[Date Prev][Date Next][Thread Prev][Thread Next]
[Date Index]
[Thread Index]
- Subject: Re: Changes in the validation of UTF-8
- From: Dirk Laurie <dirk.laurie@...>
- Date: Sun, 17 Mar 2019 10:57:08 +0200
Op So. 17 Mrt. 2019 om 09:03 het Andrew Gierth
<andrew@tao11.riddles.org.uk> geskryf:
>
> >>>>> "Dirk" == Dirk Laurie <dirk.laurie@gmail.com> writes:
>
> >> I noticed the new commit that adds support for longer (deprecated in
> >> 2003) utf8 sequences:
> >> https://github.com/lua/lua/commit/1e0c73d5b643707335b06abd2546a83d9439d14c
> >>
> >> I'm curious why this changed? It seems like a backwards step to me.
>
> Dirk> It seems to be in line with Lua's philosophy of providing
> Dirk> capability, not policy.
>
> When you're validating against an externally defined interchange
> standard, then accepting data that the actual standard explicitly
> rejects IS a lack of capability.
Lua in no way even comes close to validating against the current UTF-8
standard. We've been through this before.
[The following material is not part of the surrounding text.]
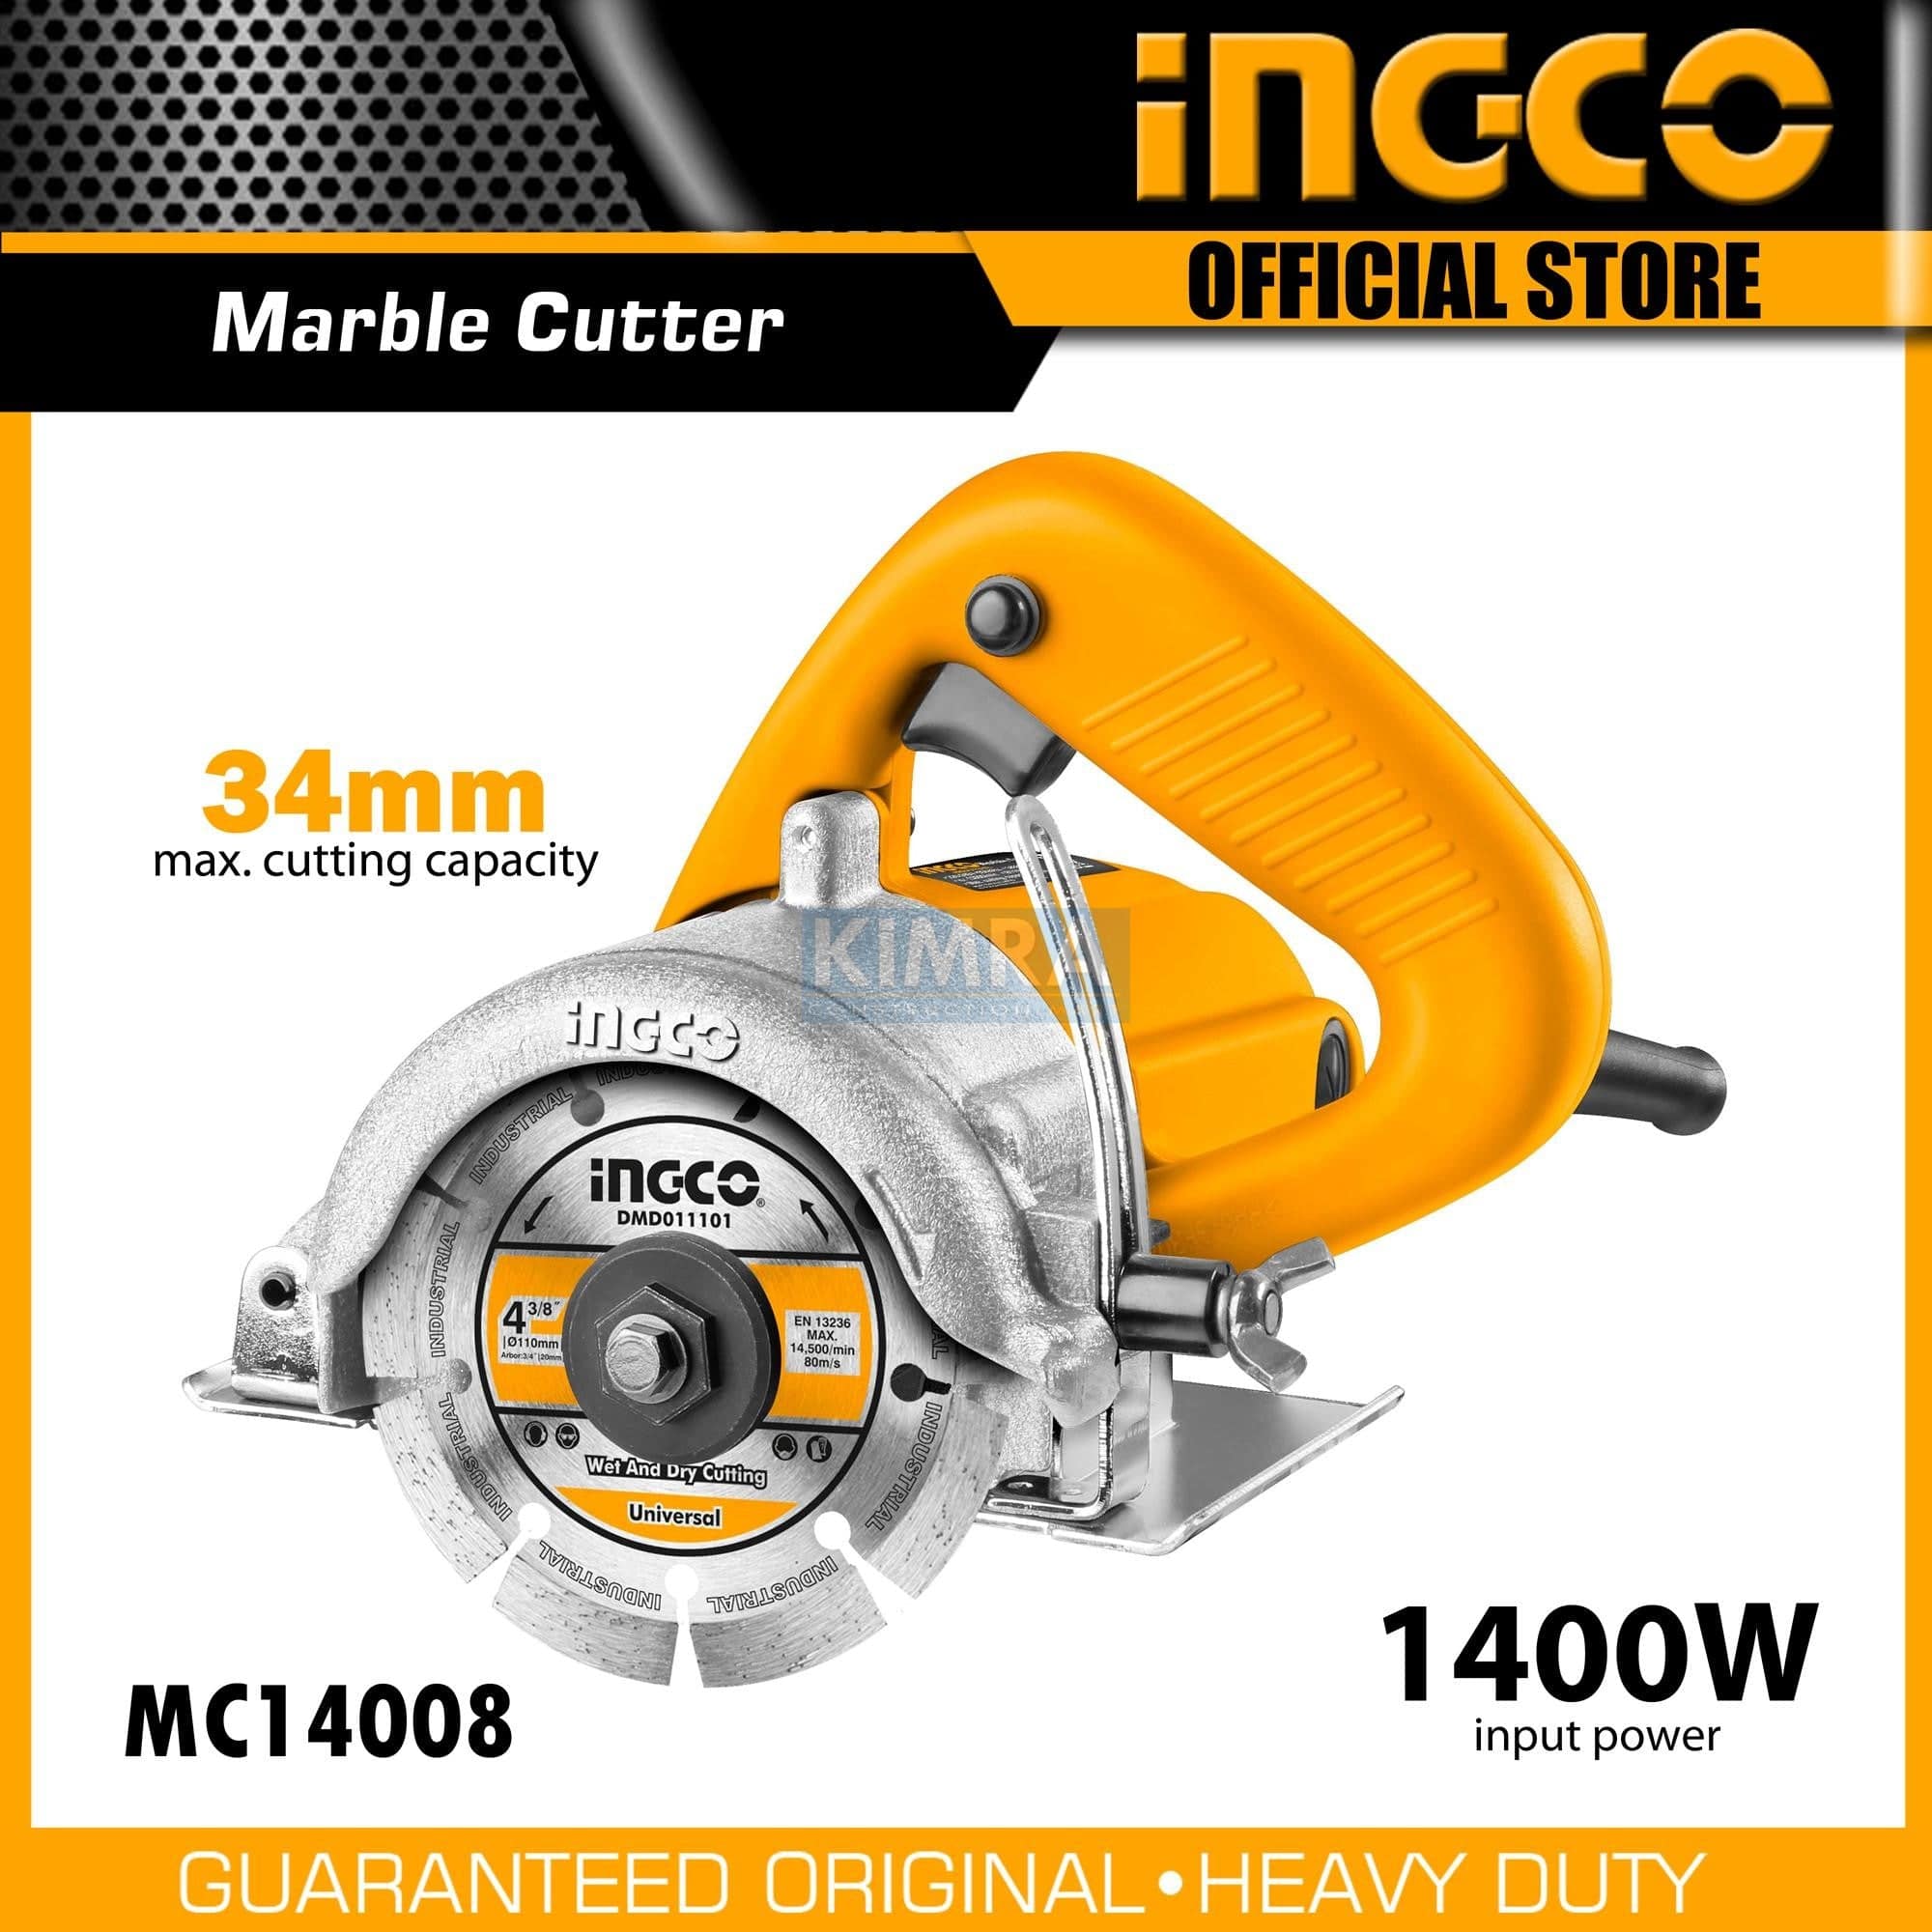 Ingco Marble Cutter 1400W - MC14008 | Shop Online in Accra, Ghana - Supply Master Marble & Tile Cutter Buy Tools hardware Building materials

Marc Balmer in particular
has been quite trenchant on this point.
All that Lua does is to verify that a string satisfies the basic UTF-8
encoding: ASCII or a starting byte whose introductory string of 1's
says how many bytes in total are being encoded, followed by the right
number of 10... bytes. It's quick-and-dirty, and it doesn't get less
dirty by patching over one of the many ways in which it falls short.
There's no substitute for loading a genuine standard-conforming UTF8
library. Luarocks offers four; hopefully at least one is kept up to
date.